Эта задача – в лучших образцах «деревенской прозы» – сохранение народа как нравственного целого. В пору разлома народной нравственности «деревенская проза» проповедует преемственность народных нравственных правил. И поэтому она выше и реальней прозы городской. У нее и есть высшая художественная функция.
Как и вся наша лучшая проза – это проза воспоминательная, мемуарная. И в этом тоже важное ее значение. Народ не может жить без памяти. Память великой нации – великая память.
За память многое можно простить «деревенской прозе». Память – стиль «деревенской прозы».
Чем она больше запомнит – тем лучше, потому что это уже ушло.
«Деревенская проза» идет не от Тургенева, не от Бунина – от Шолохова. Идет от него, но далеко уже ушла.

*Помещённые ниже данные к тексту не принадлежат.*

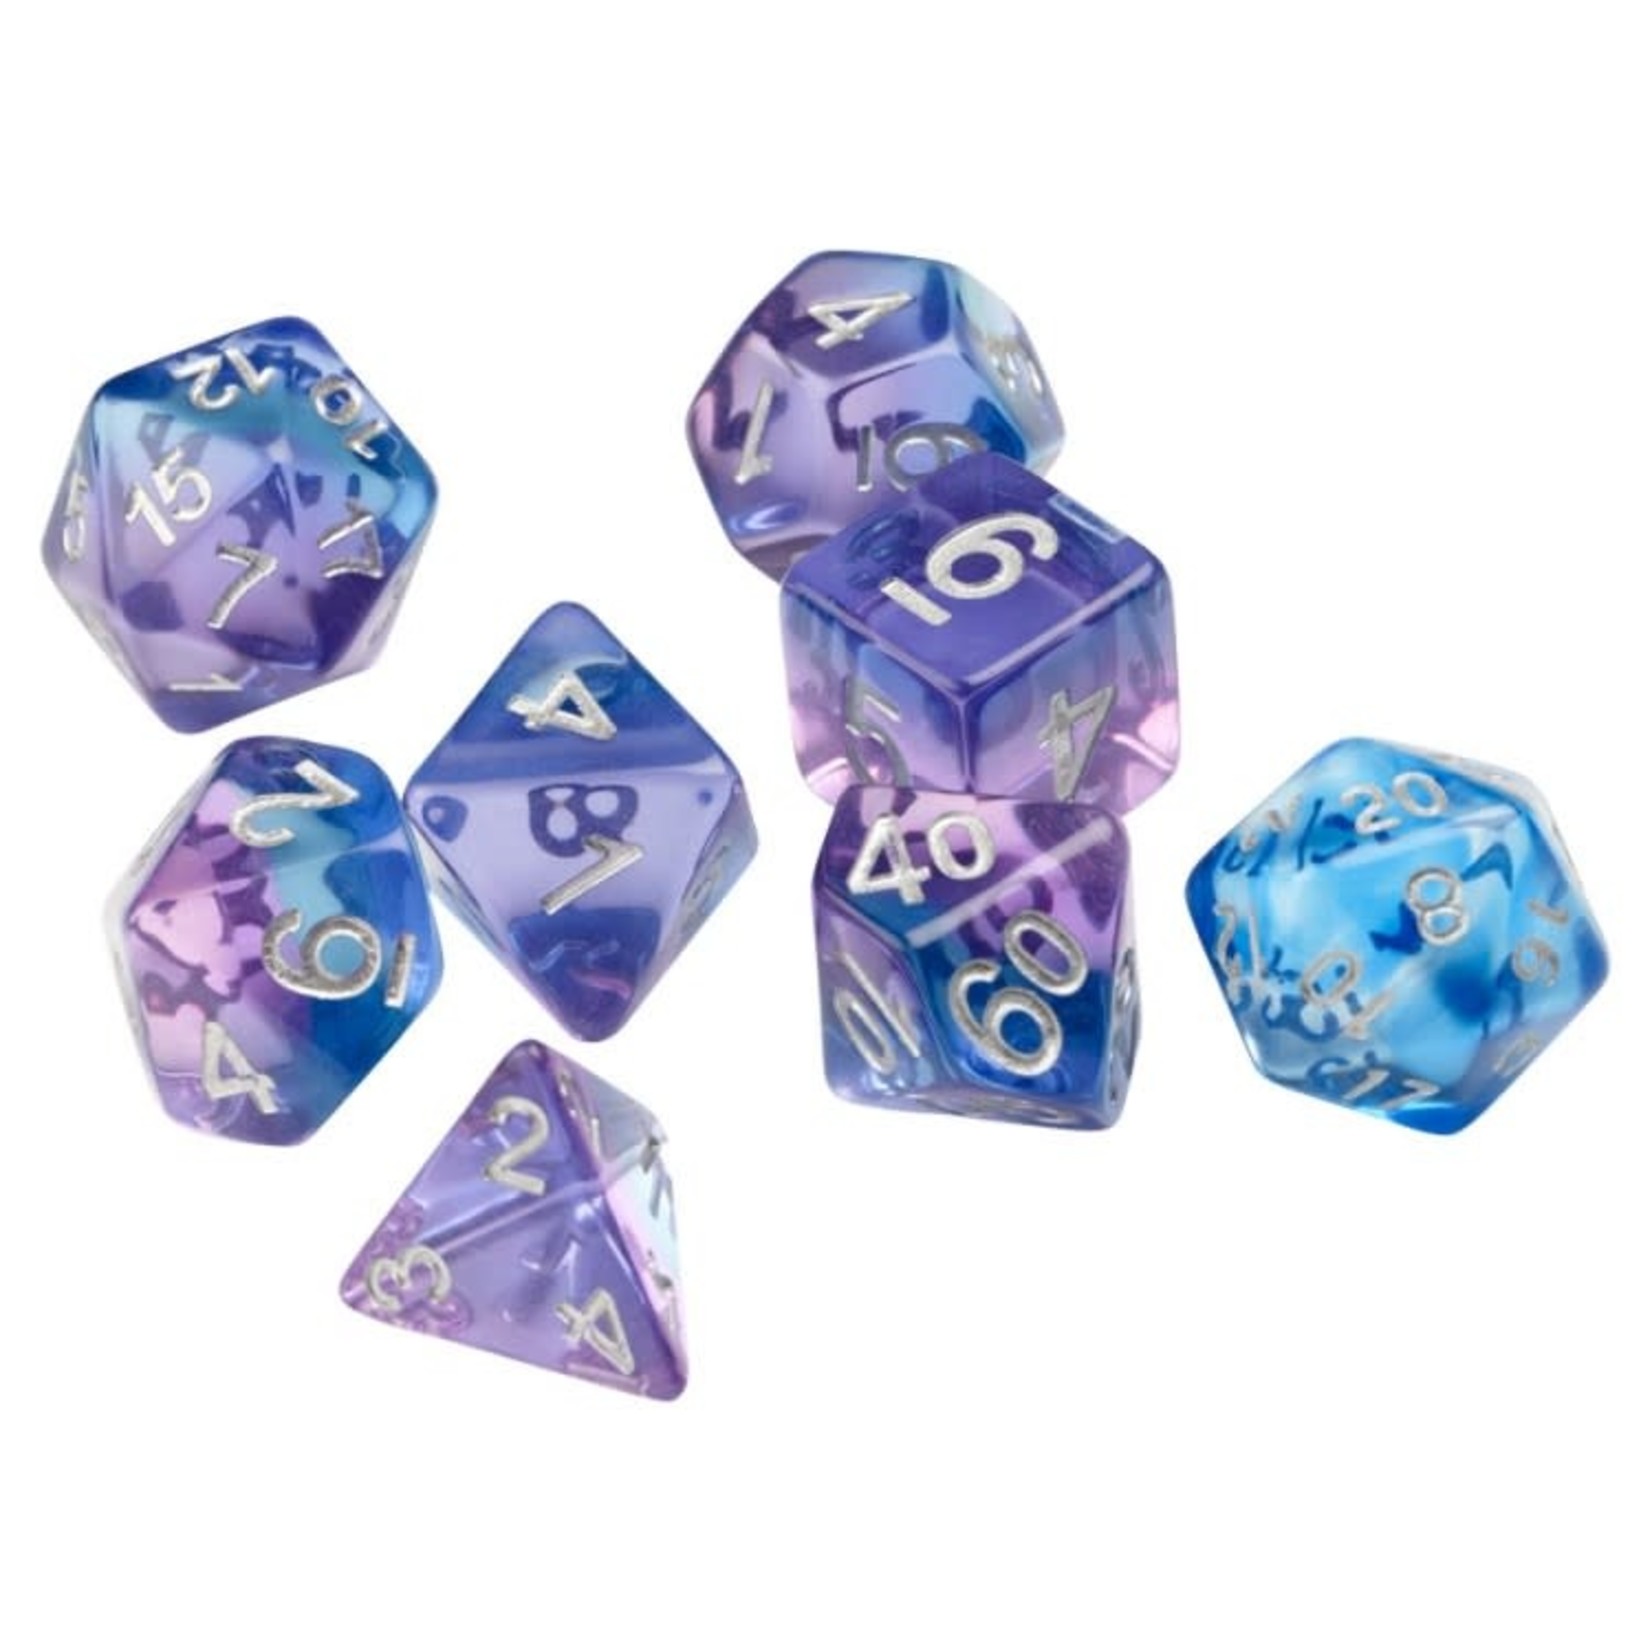 Sirius RPG Dice Violet Betta Translucent Blue / Purple with Silver Polyhedral 8 die set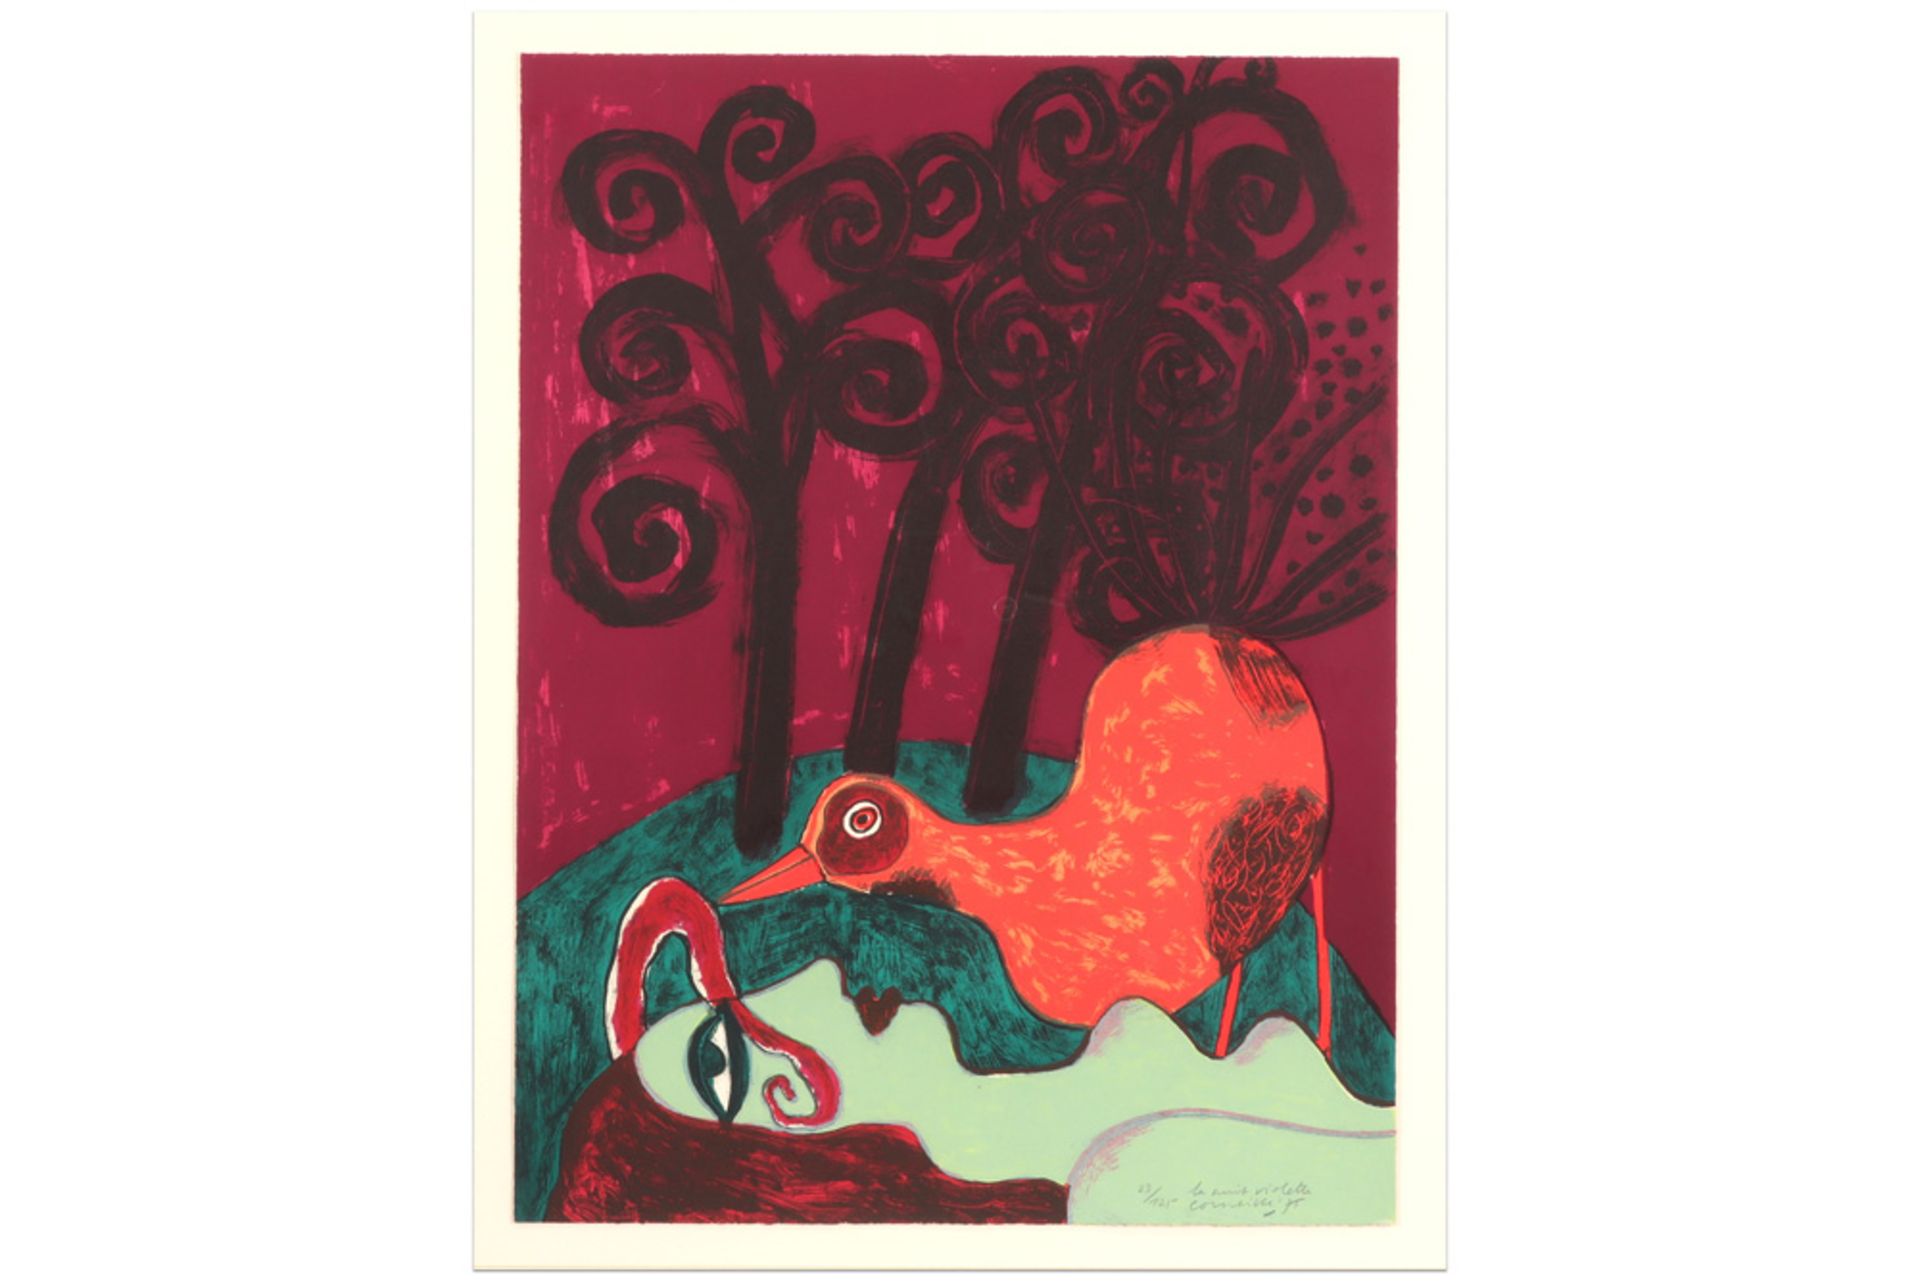 Corneille signed lithograph printed in colors - dated (19)75 ||CORNEILLE (1922 - 2010) (1922 - 2010)

Шолохов написал, сколько крови стоила крестьянству революция (Твардовский), «деревенщики» – сколько стоила крови коллективизация, война, послевоенное десятилетие.
Они обращаются к материнскому, к отцовскому началу, к тому, что живет в каждом человеке, – к истокам детства, к памяти детства, к его звукам, запахам, к его радостям; они стараются навеки запечатлеть деревенское утро и вечер, зиму и лето, лес и поле, коня и корову – все, что ушло, что уходит, что скоро уйдет навсегда, – и в этой памяти хотят замкнуться, спастись от наступающих на горло проблем, спасти то, что на глазах разваливается, дичает, мещанеет, – спасти нацию, народ и державу.
А можно ли спасти? Это ли способ спасти?
О «деревенской прозе»
Не случайно «деревенская проза» оказалась лучшей, наиболее серьезной частью нашей послевоенной литературы – она отобразила главную трагедию русской жизни – разрушение деревни, ее быта, уклада, нравственного идеала.
Не случайно «городская проза» оказалась небольшим эпизодом литературы 50—70-х годов. Город принципиально не изменился, принципиально изменилась деревня. Война и трагедия деревни слились в одну трагическую эпопею, которая до сих пор питает литературу.